Die Bibliothek ist bereits geplündert, die Ereignisse erscheinen im Rückblick: Blanche ist im vorrevolutionären Paris exitenziellen Ängsten ausgesetzt; rechts Vater und Bruder. Allerlei Schatten sind sowieso allgegenwärtig.
Unproblematisch ist die Oper aus verschiedenen Gründen nicht. Sicher nicht mehr ins Gewicht fällt die gänzlich "unmoderne", neoromantische, durch und durch betörend schöne Klangsprache des Komponisten, die bei der Uraufführung 1957 in Mailand in denkbar großem Kontrast zur musikalischen Avantgarde stand - die einst hitzigen Diskussionen über die "richtige" Moderne sind längst einem pluralistischen anything goes gewichen (die große Textlastigkeit vor allem im ersten Aufzug bleibt dennoch sperrig).
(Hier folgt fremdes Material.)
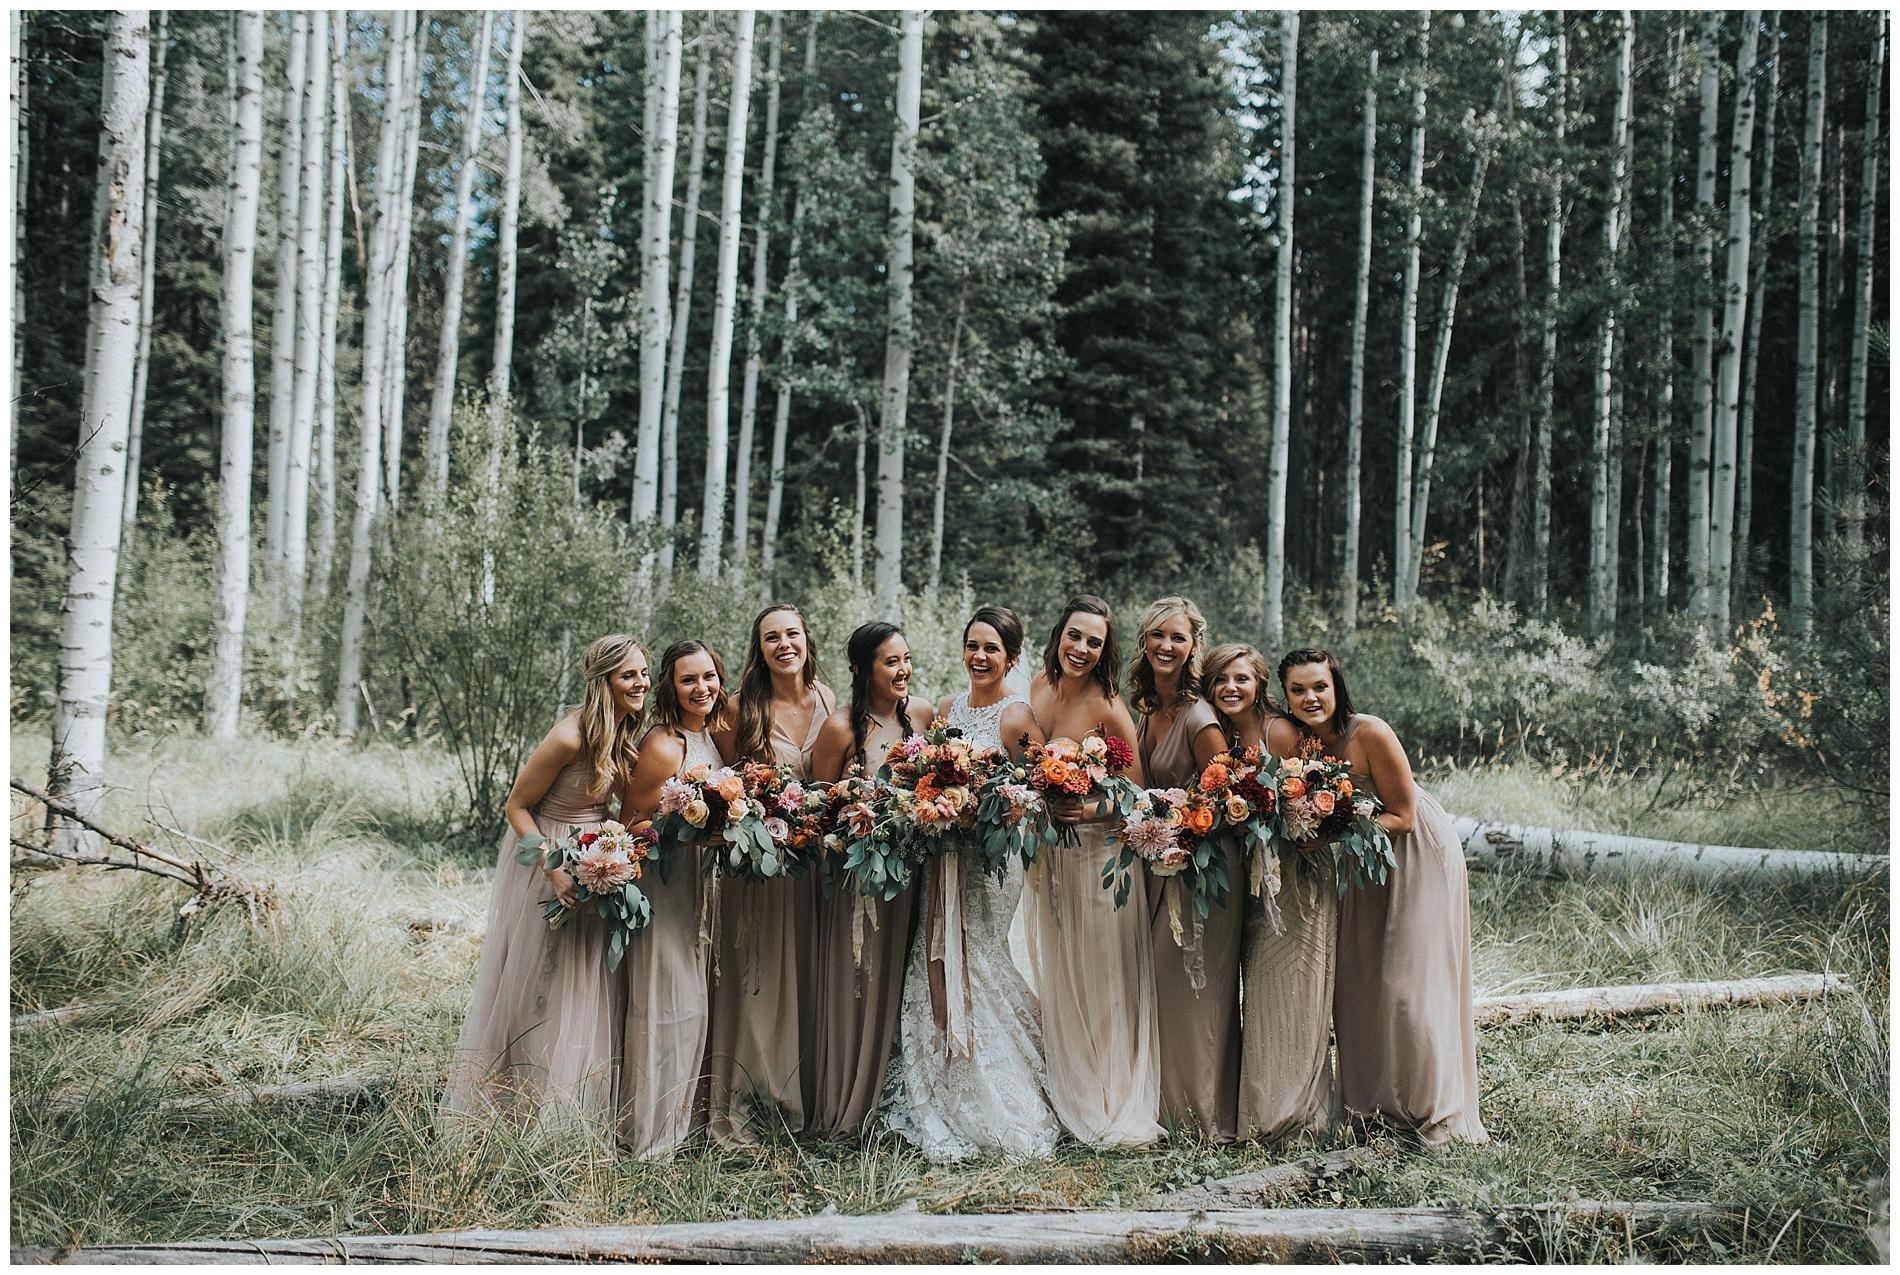 Boho Bridesmaids McCall Idaho
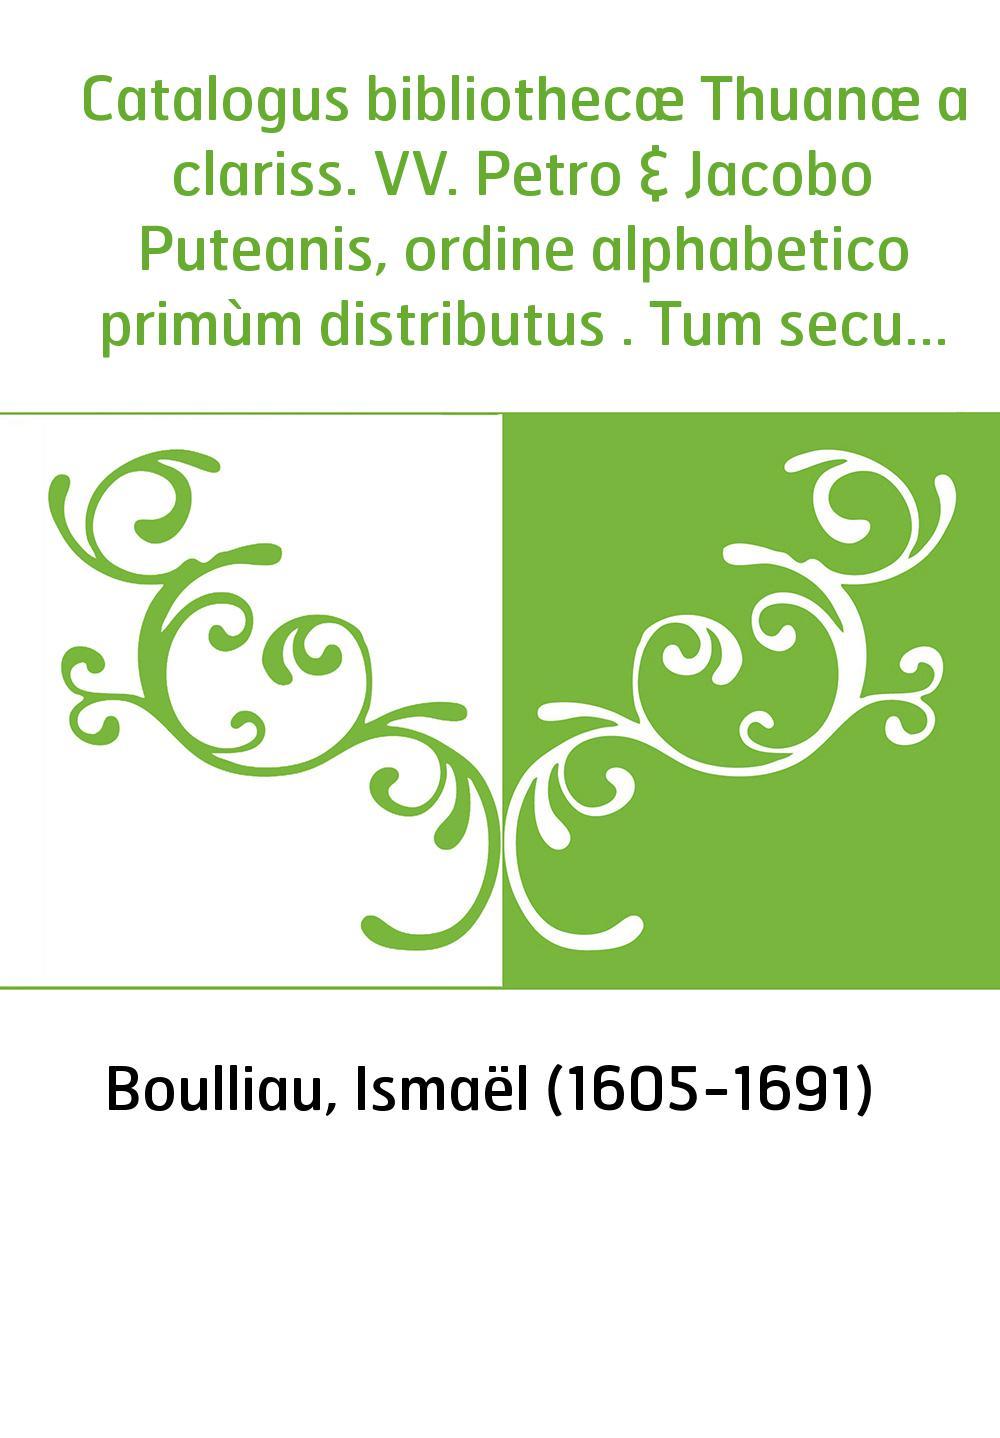 Catalogus bibliothecæ Thuanæ a clariss. VV. Petro & Jacobo Puteanis, ordine alphabetico primùm distributus . Tum secundum scient

Weitaus schwieriger ist da schon die durch passives Erdulden gekennzeichnete Grundhaltung, nicht nur im musikhistorisch (klassen-)kämpferischen Gegensatz etwa zu einem seinerzeit ja noch eminent "linken" Luigi Nono, sondern auch aus aktueller Perspektive: Den Rückzug in die Religiösität als Ideal kann man schon mit einigem Recht infrage stellen. In religiösen Besinnungs- oder Historienkitsch abgleiten darf das Werk schon gar nicht. Die beeindruckende Inszenierung von Ben Baur umschifft nicht nur diese Klippen, sondern findet eine Sprache, die, ohne in die Struktur einzugreifen, das Werk plötzlich aus anderer Perspektive hochbrisant erzählt.
Auch der sterbenden Priorin erscheint der Arzt nur noch als Phantom.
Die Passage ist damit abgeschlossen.